▶ _Dataset excerpt_
>>>>>

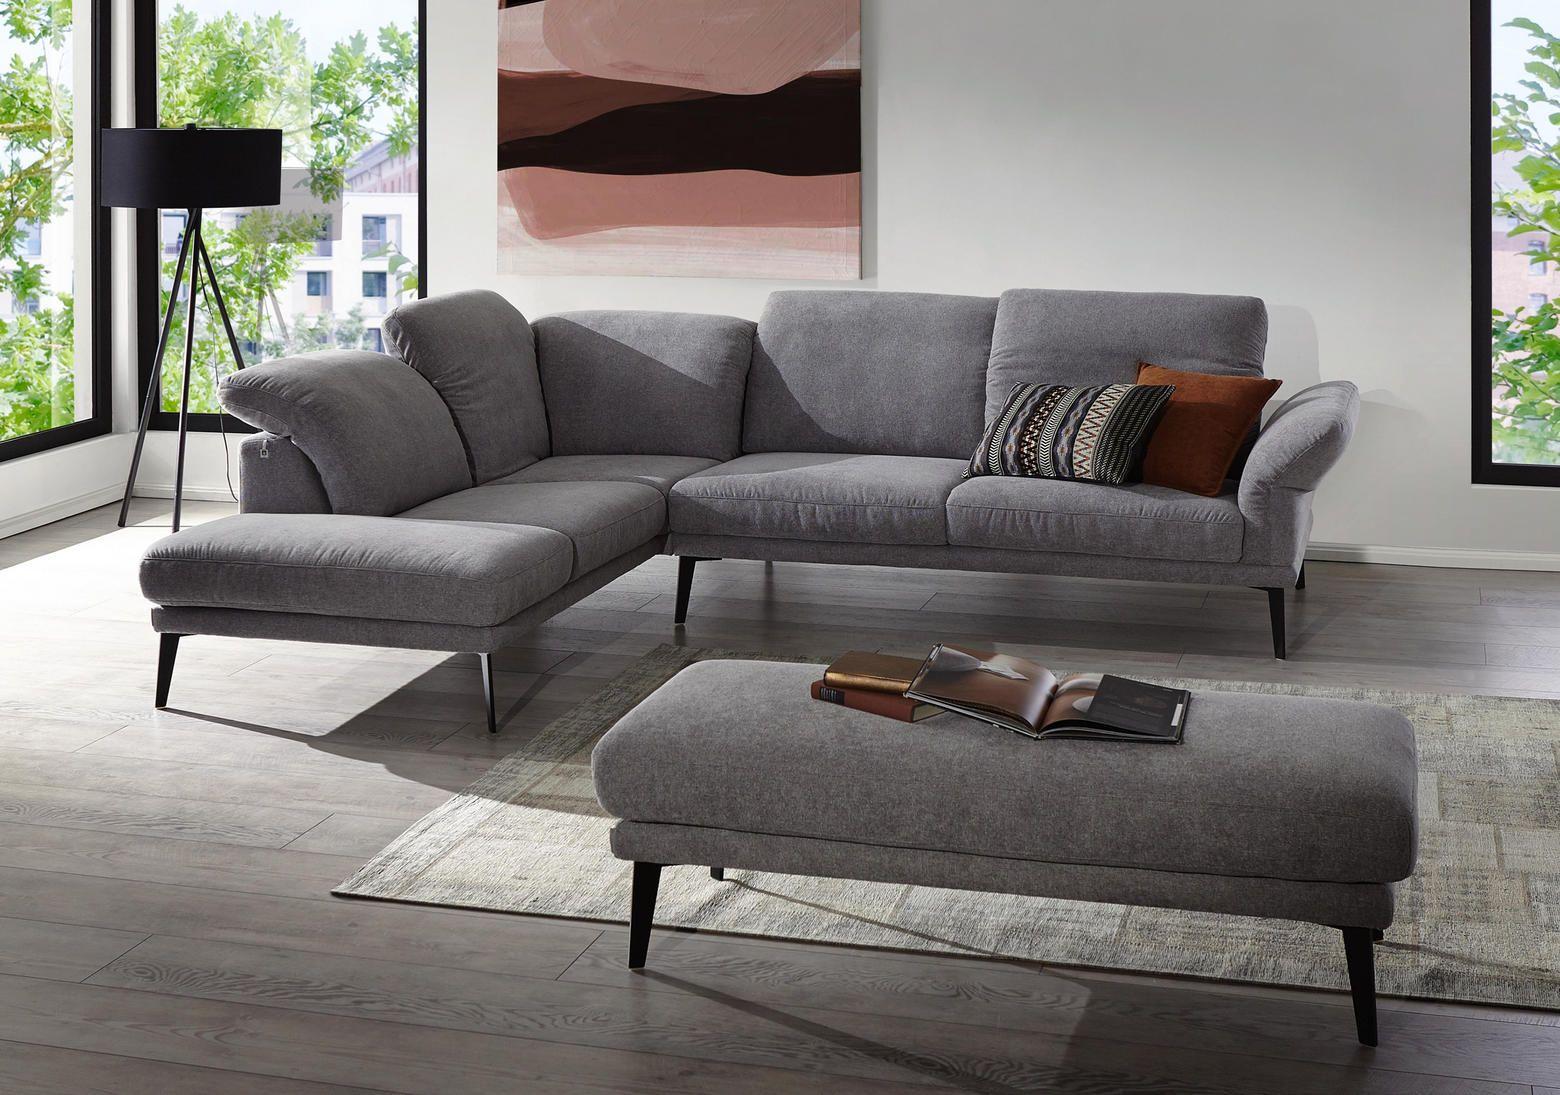 Moderne Couch In Grau Mit Fussen Aus Metall Mobel Sofa Sofa
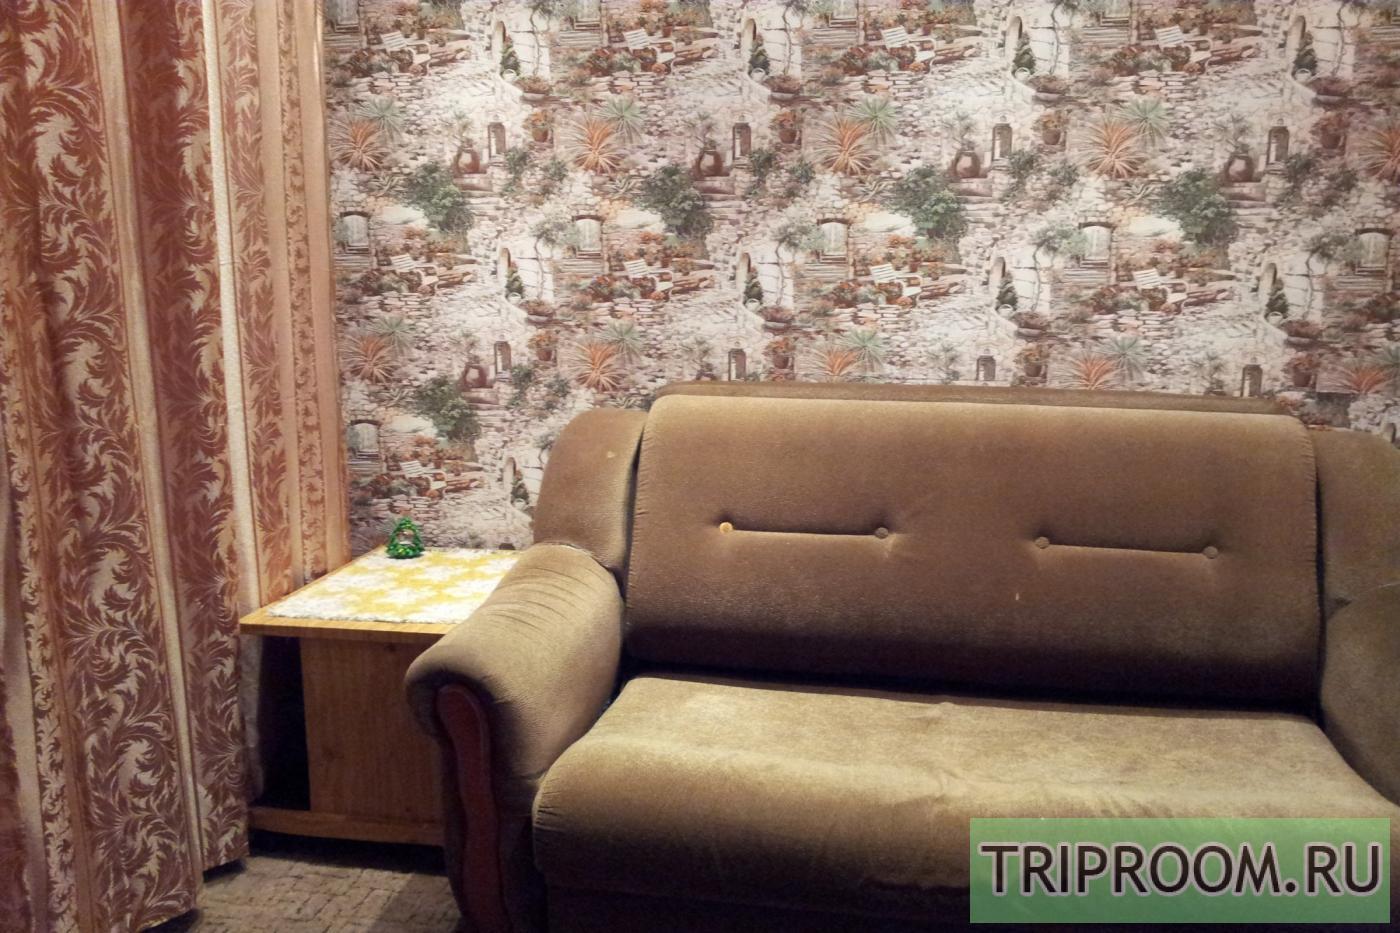 1-комнатная квартира посуточно (вариант № 30855), ул. Кузнецова улица, фото № 1
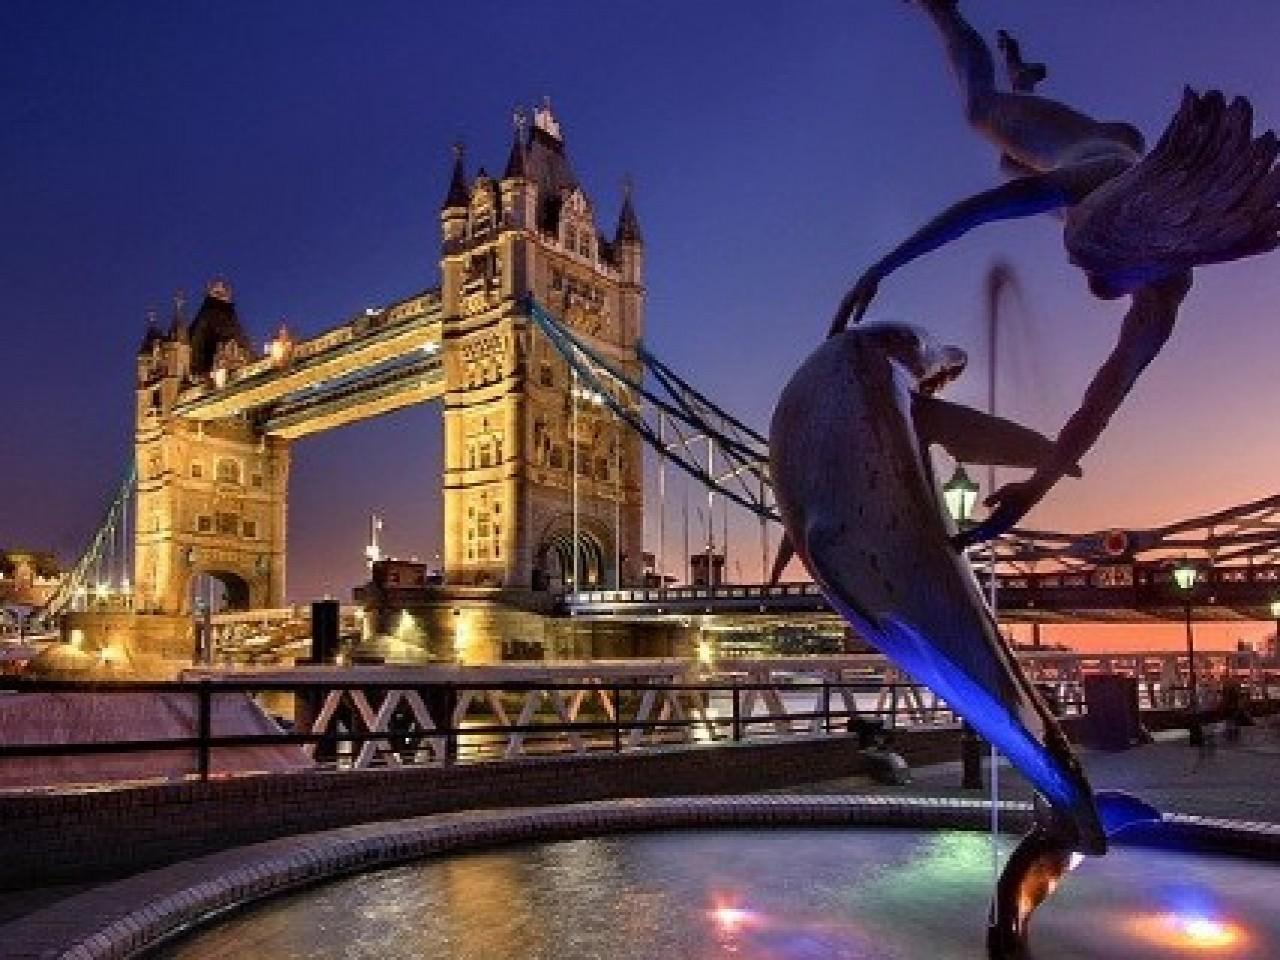 London +2370 hotel

<<<<<

▶ _How to complete this task_
All lines from the one holding "1-комнатная квартира посуточно" to the end of the listing above need to be duplicated exactly. None of the pictures should be included.

▶ _Result for this task_
 1-комнатная квартира посуточно (вариант № 30855), ул. Кузнецова улица, фото № 1
 London +2370 hotel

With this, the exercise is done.